#### [Problem description]
Locate the line that contains "1988 Chrysler Le Baron" in the entries below, then repeat it and every following line through the line that contains "踊る！ディスコ室町『smoo", exactly, and no others.

#### [Data listing]
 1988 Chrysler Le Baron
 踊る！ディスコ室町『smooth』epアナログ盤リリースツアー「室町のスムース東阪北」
* * *
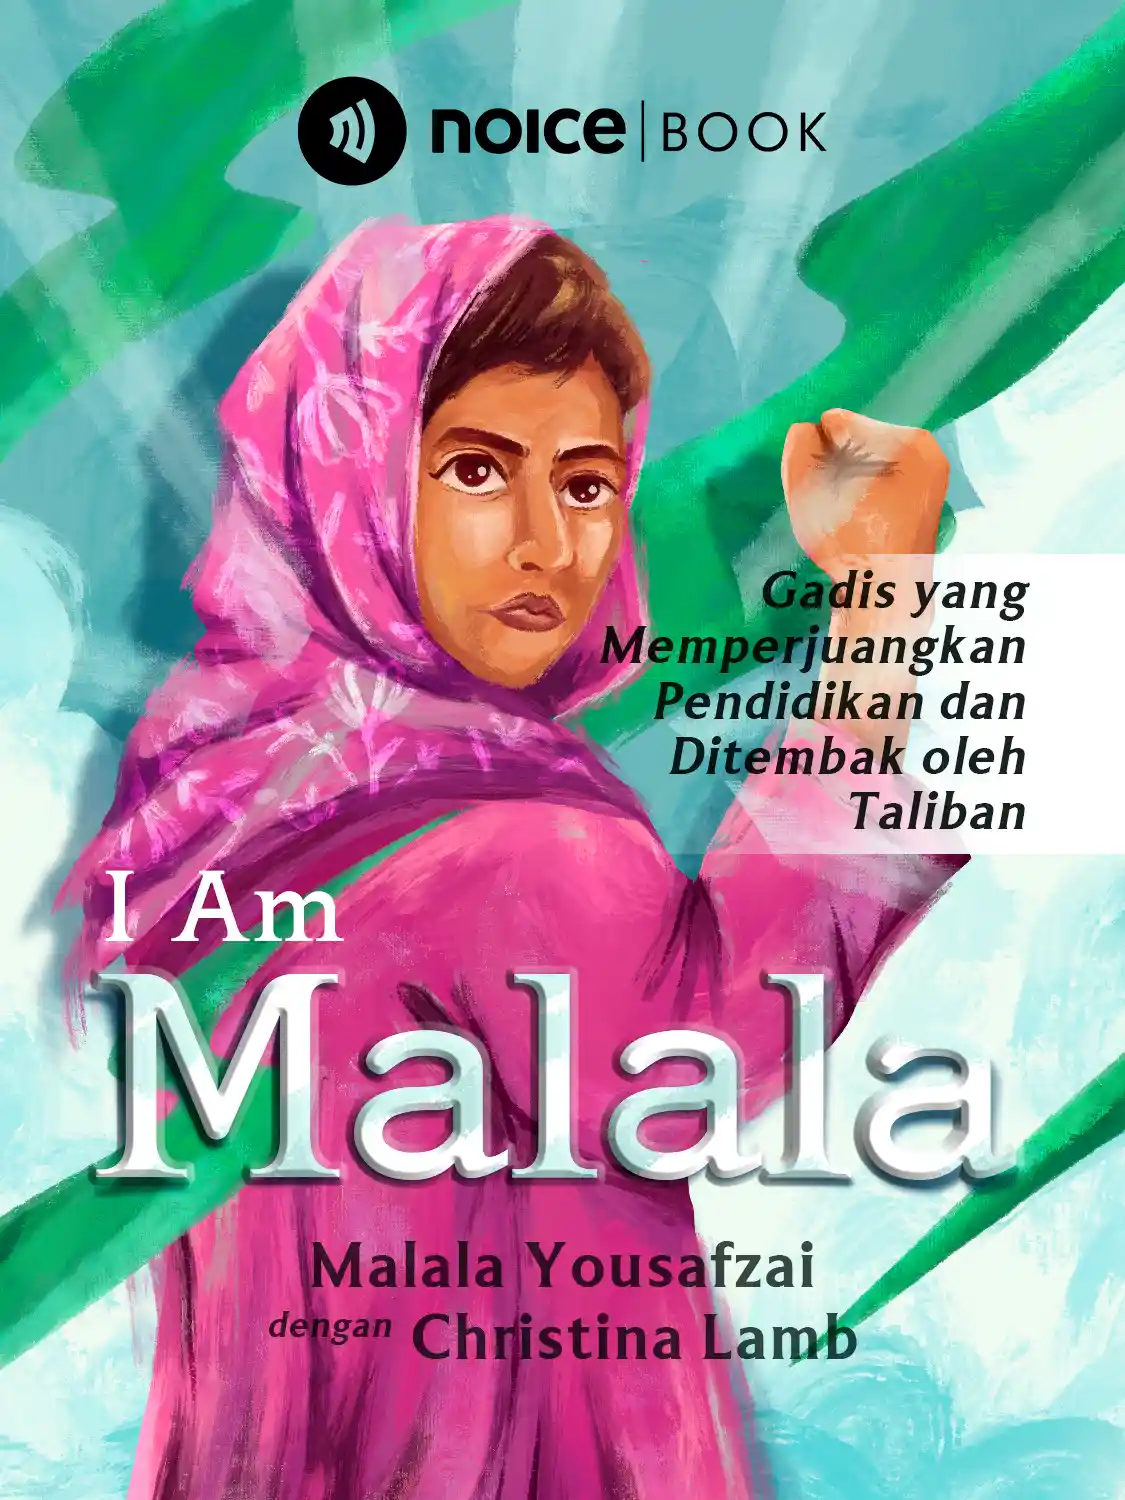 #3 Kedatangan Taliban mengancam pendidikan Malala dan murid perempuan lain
--
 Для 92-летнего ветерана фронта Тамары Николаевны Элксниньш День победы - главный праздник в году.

#### [Result for this exercise]
 1988 Chrysler Le Baron
 踊る！ディスコ室町『smooth』epアナログ盤リリースツアー「室町のスムース東阪北」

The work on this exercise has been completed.